LONDON, 14th April 2024. Nederlands Dans Theater’s production of Gabriela Carrizo’s La Ruta tonight won the prestigious Olivier Award for best new dance production at a glittering ceremony on London’s Royal Albert Hall.
Choreographer Gabriela Carrizo is co-artistic director of Belgian company Peeping Tom and her La Ruta was performed by NDT at Sadlers Wells Theatre in London in April last year on a double-bill with Crystal Pite and Complicité director Simon McBurney’s Figures in Extinction [1.0].
La Ruta was premiered in NDT’s home theatre, the Amare in The Hague, in May 2022. Our review of the production was as follows . . .

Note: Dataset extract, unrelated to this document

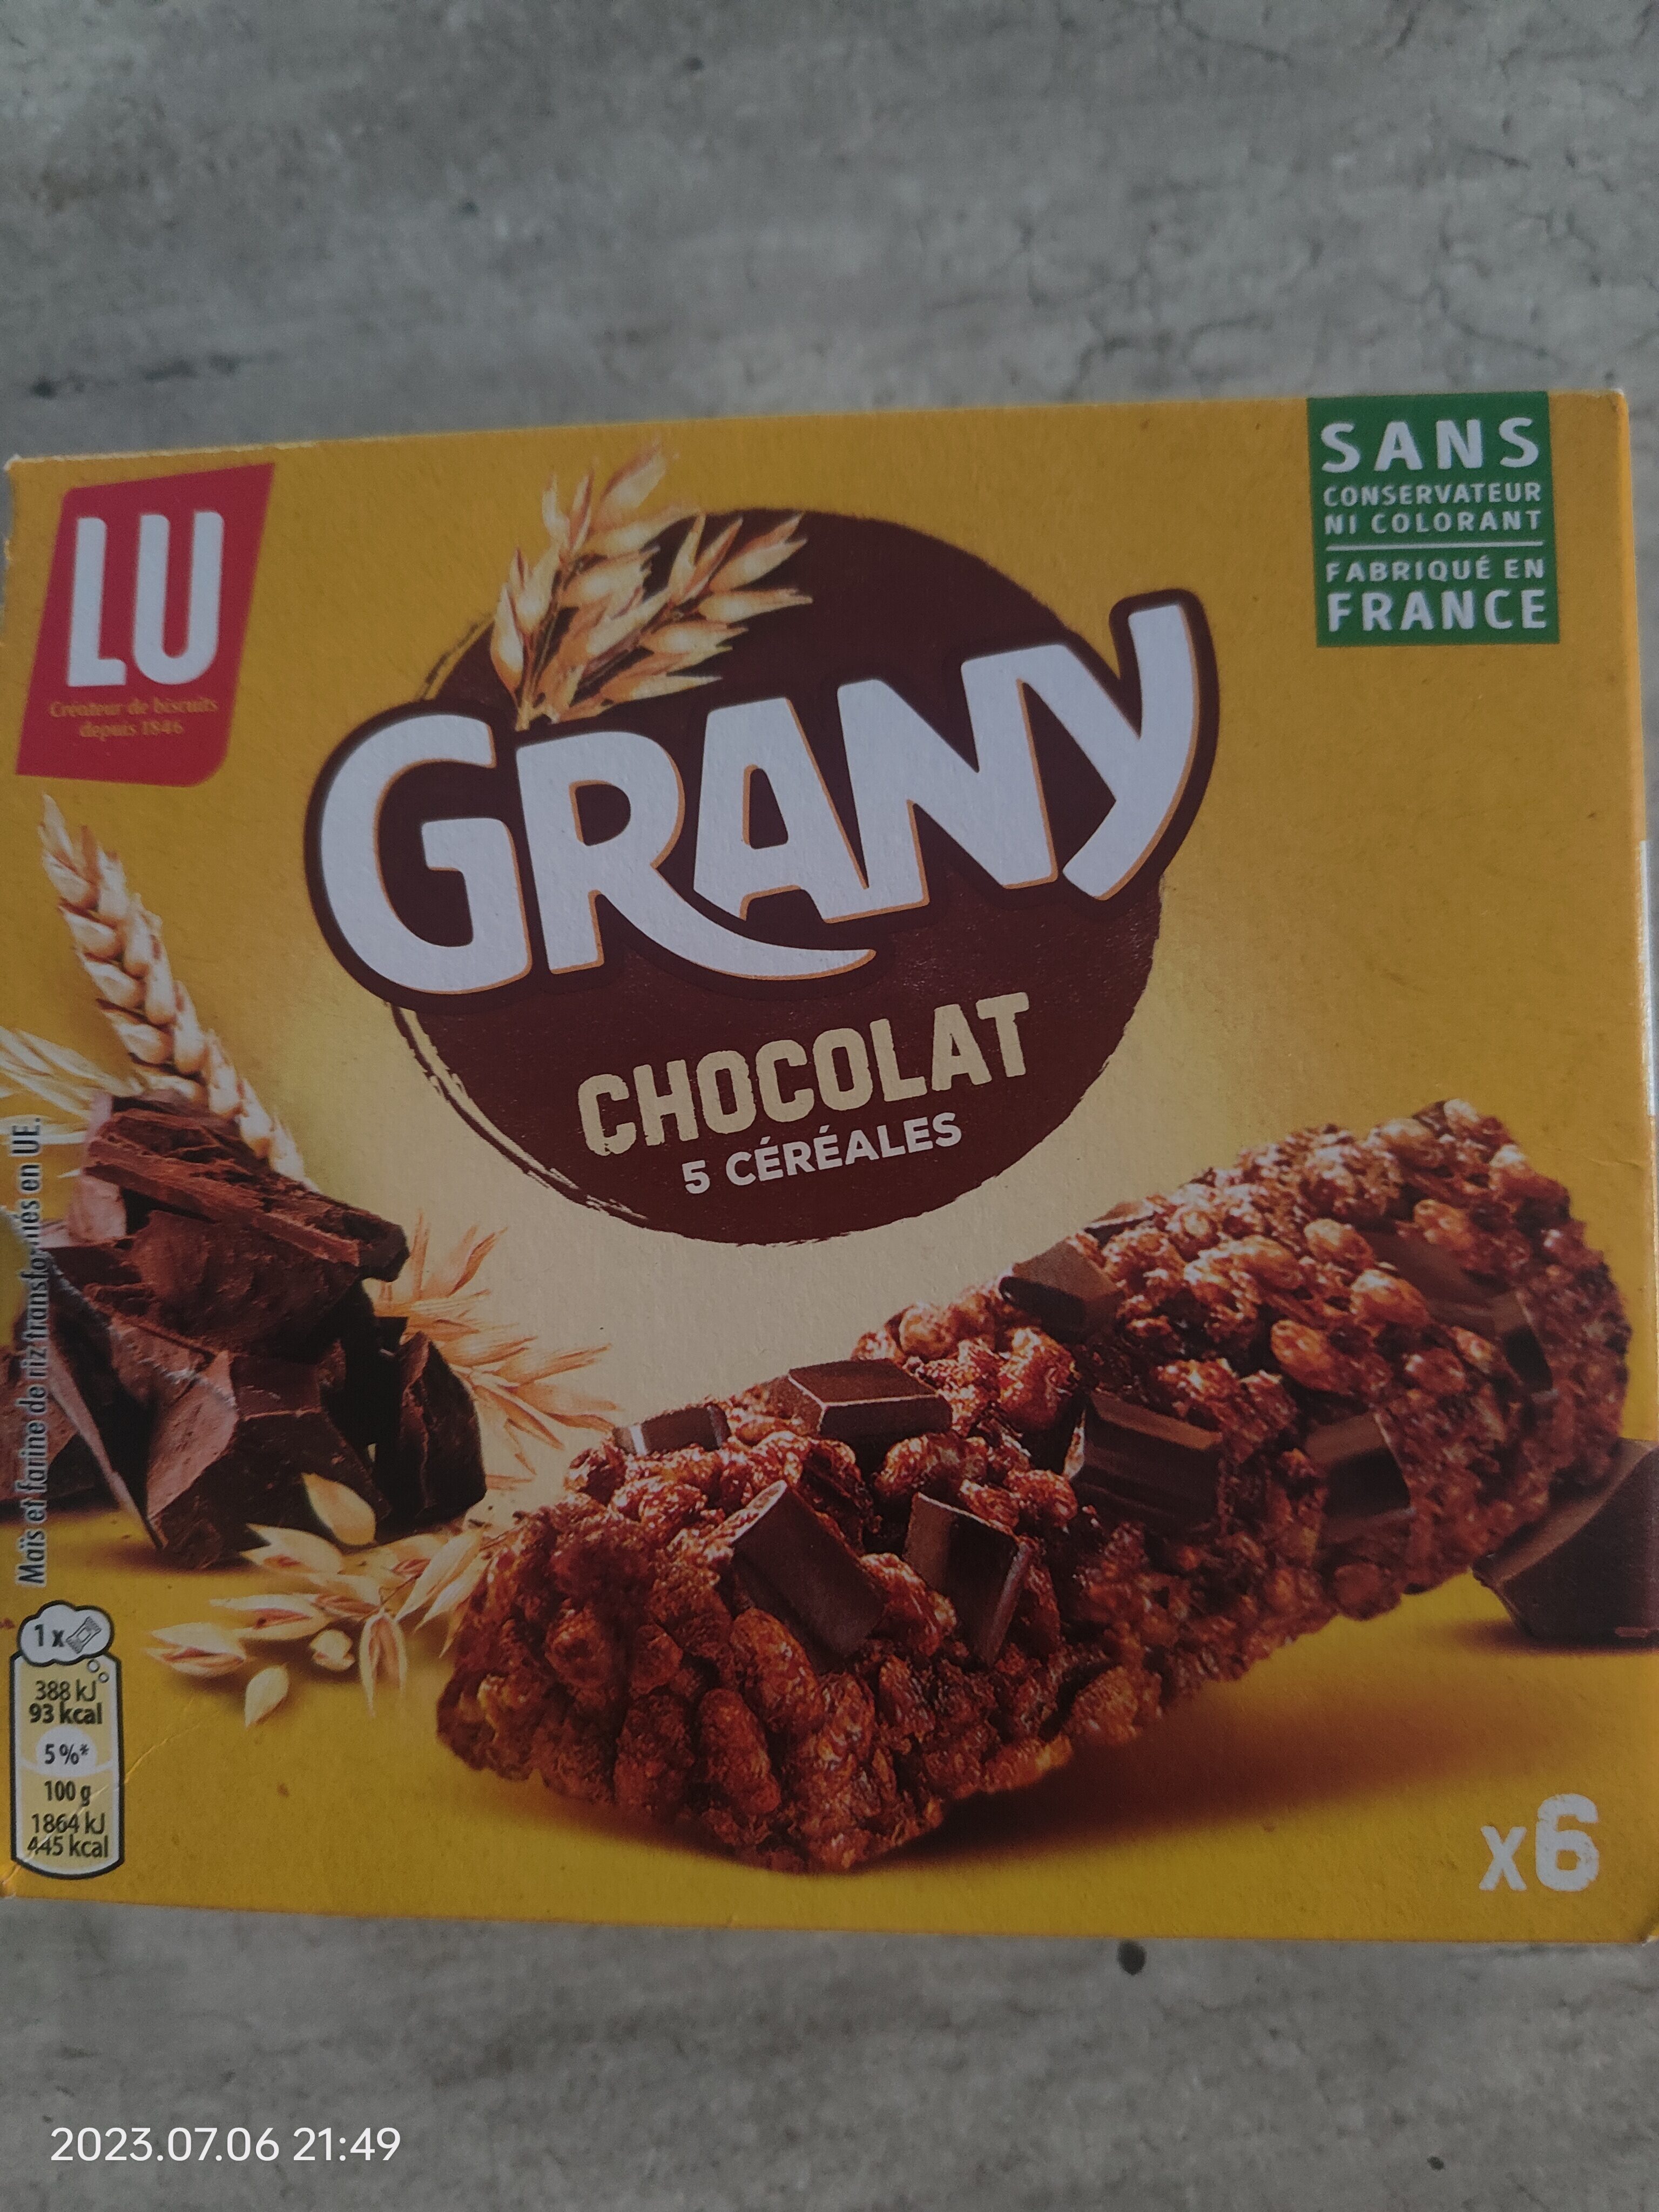 LU - Grany Chocolate 5 Cereals Bar x6, 125g (4.5oz) - Produit

Gabriela Carrizo’s La Ruta (The Road), truly the stuff of which dreams are made – nightmares more like. We find ourselves on a lonely stretch of road on a dark misty night, a bus shelter our only refuge and source of light – although other lights come from myriad vehicles hurtling by. Rubbish swirls around and an orange-overalled, hard-hatted workman constantly fiddling with a roadside electricity junction box provides occasional extra illumination.
What is unusual about this is that there is very little dance in the conventional sense – not that you expect convention from the NDT – it is like one of those episodic horror films but with a fair amount of writhing, although there is a very nice pas de deux at one point. The whole thing is all a bit scary, especially the sequence where a distraught young woman gets out of a car, hurling insults at the invisible occupant and doing significant damage with her handbag. There is an even more frightening bit when one of the protagonists attacks the others with a very large rock, complete with squelching sound effects as the object strikes home. Oh, and a flock of white geese flies by and provide some of the soundscape. Although La Ruta is credited to Gabriela Carrizo, it was the eight dancers who worked with her to create this amazing piece of theatre.